The way we do it is we offer very heterogeneous coverage, everything from HP to AIX to Solaris to Linux to Windows—those are kind of the major platforms we cover. We create the infrastructure for our customers, and they can plug and play any hardware they want, any servers, any storage devices, as well as any operating systems. They can do backup or replication or clustering. They can do vaulting, if that’s what they want. They decide or we help them decide what kind of [recovery point objective] and [recovery time objective] they need, and we figure out what they’re going to need to support that.

Do you find that some customers have consolidated their applications or workloads to help streamline their recovery process, however?

Yes, where it makes sense—like if there’s a flurry of mergers and acquisitions, you’re seeing consolidation of data centers.
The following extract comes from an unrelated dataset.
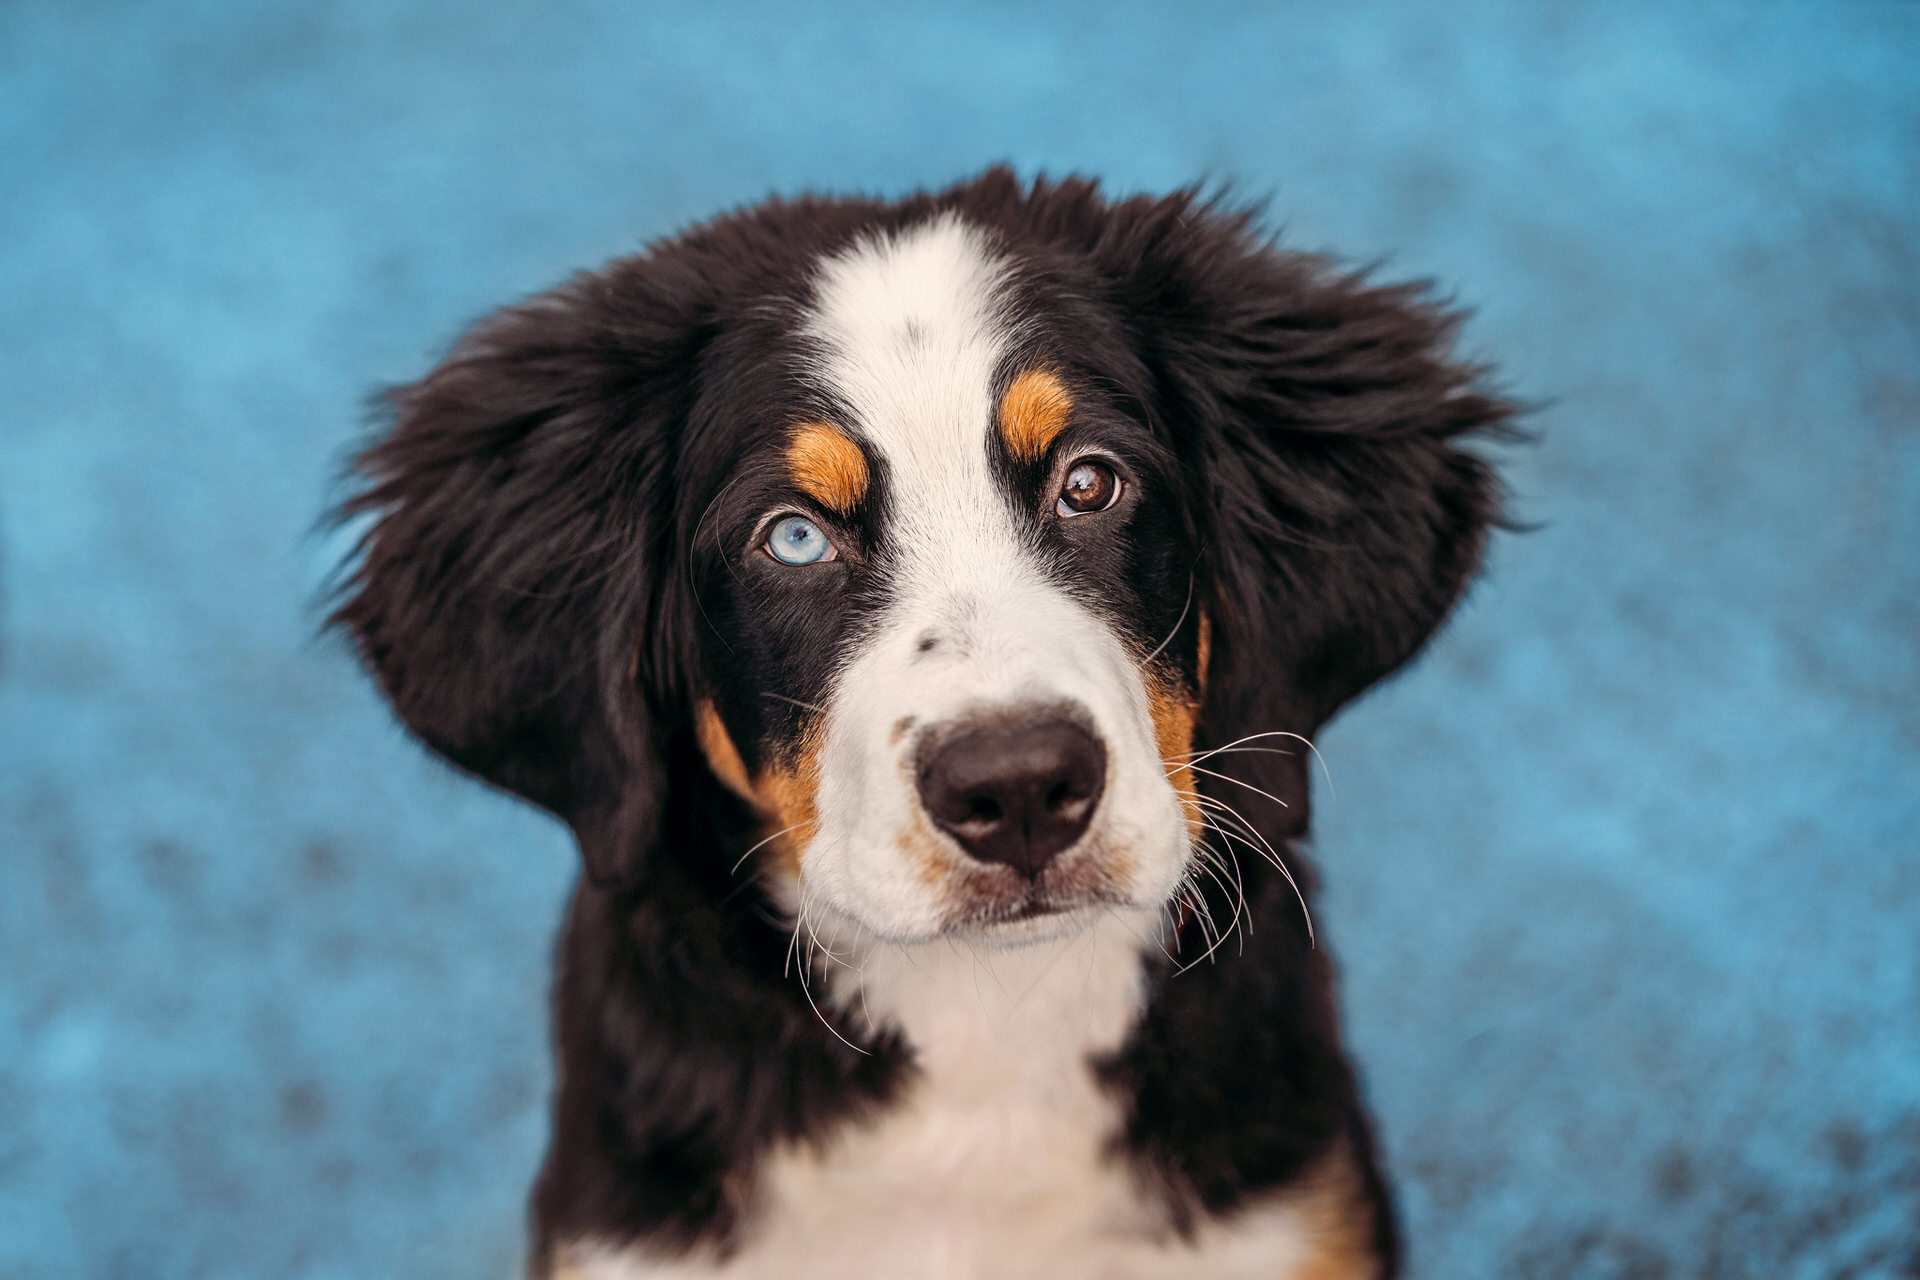 Bernese Mountain Dog puppy with one blue eye on a blue background
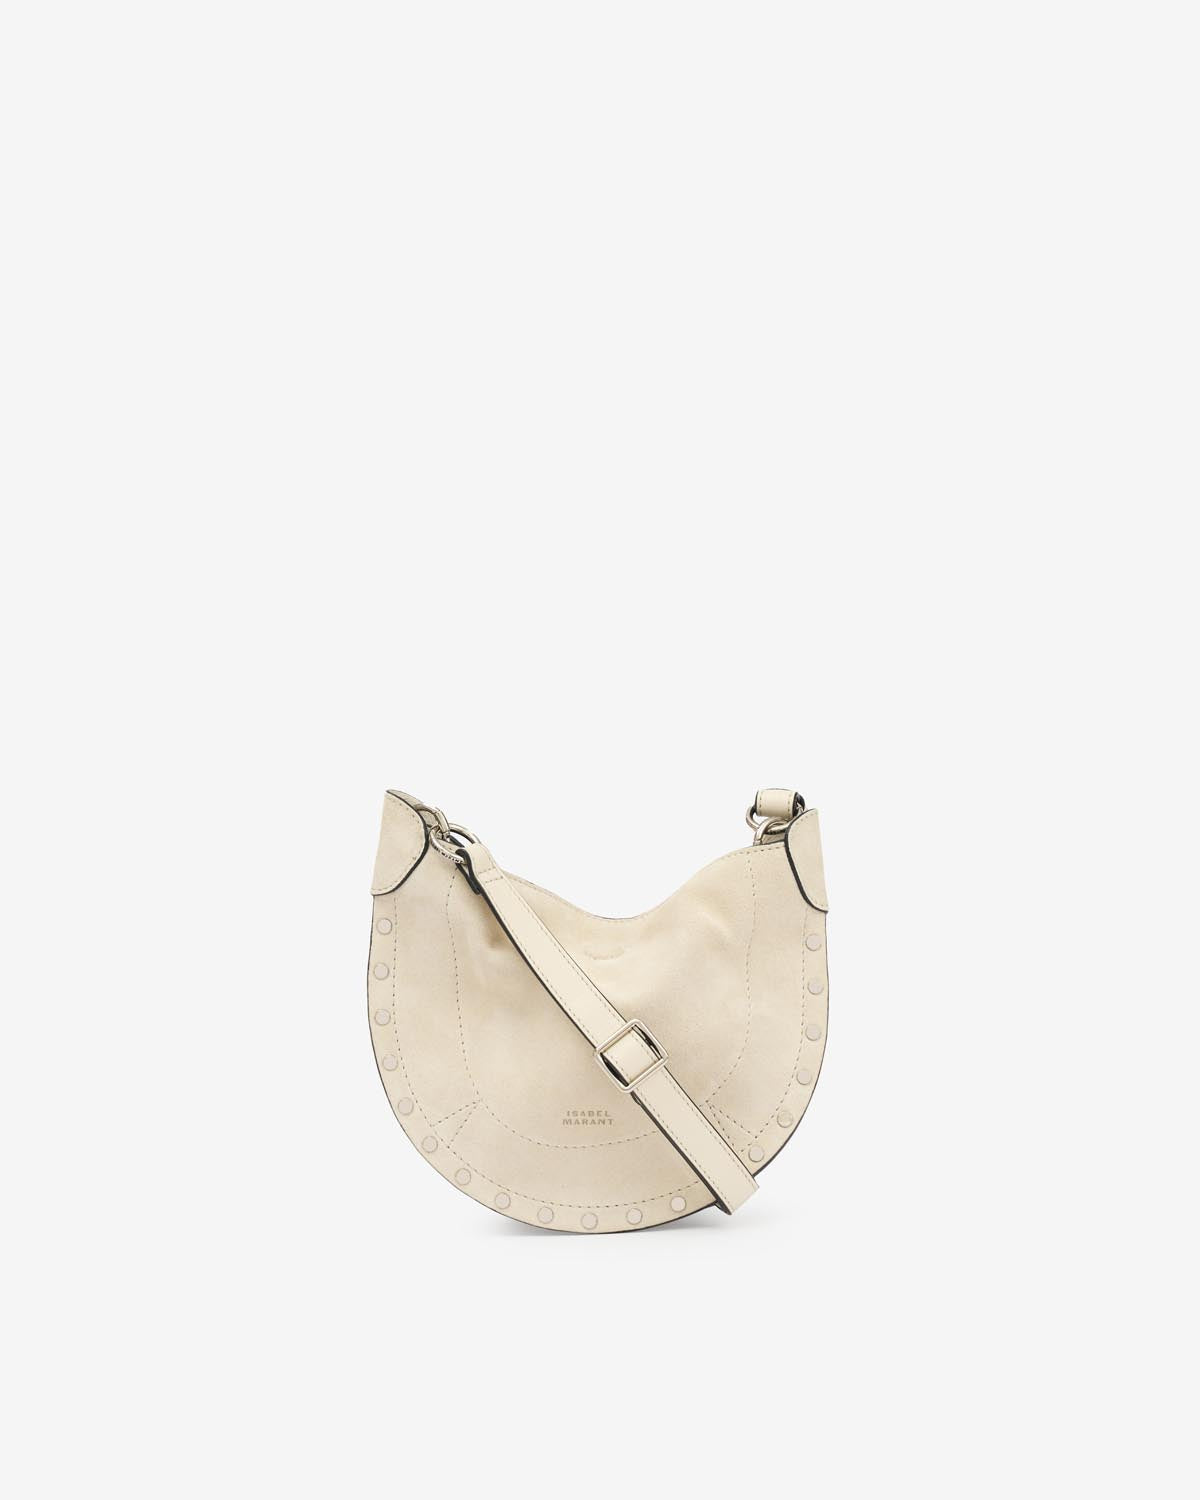 Clutches and Small Leather Goods | ISABEL MARANT Official

We see some consolidation of applications occasionally, or just consolidation of storage or servers, and that really comes into play with storage virtualization. If you can actually virtualize what’s below the application in such a way that they don’t care what storage they have, you can actually increase your utilization very fast and then move the workload from one storage device to another.

You mentioned clustering earlier. Usually, clustering has meant tying together two or more systems that weren’t geographically separated—or, at least, were on the same business campus. I’m wondering if in the post-9/11 world, you’re seeing more customers opting for wide-area clusters, maybe of several kilometers or more?

Absolutely. We have metropolitan clustering, and we see a lot of companies doing this kind of clustering. Something that’s not yet integrated is when we bought [utility computing specialist] Ejasent back in February, which enables us to [failover] the application in all of its states, that makes it more powerful. We have customers, like [hosting provider] Bluestar Solutions, that have 50 clusters working right now, because their recovery-time objective is four hours or less, and that’s what their agreement is with their customers.

The other area with clusters is the cluster file system, the [Real Application Cluster (RAC)] solutions that Oracle’s now offering. You want to do a clustered file system when you’ve got multiple instances of your database running, RAC with the cluster, because you have multiple instances running. So we’re finding customers that need this [clustered file system].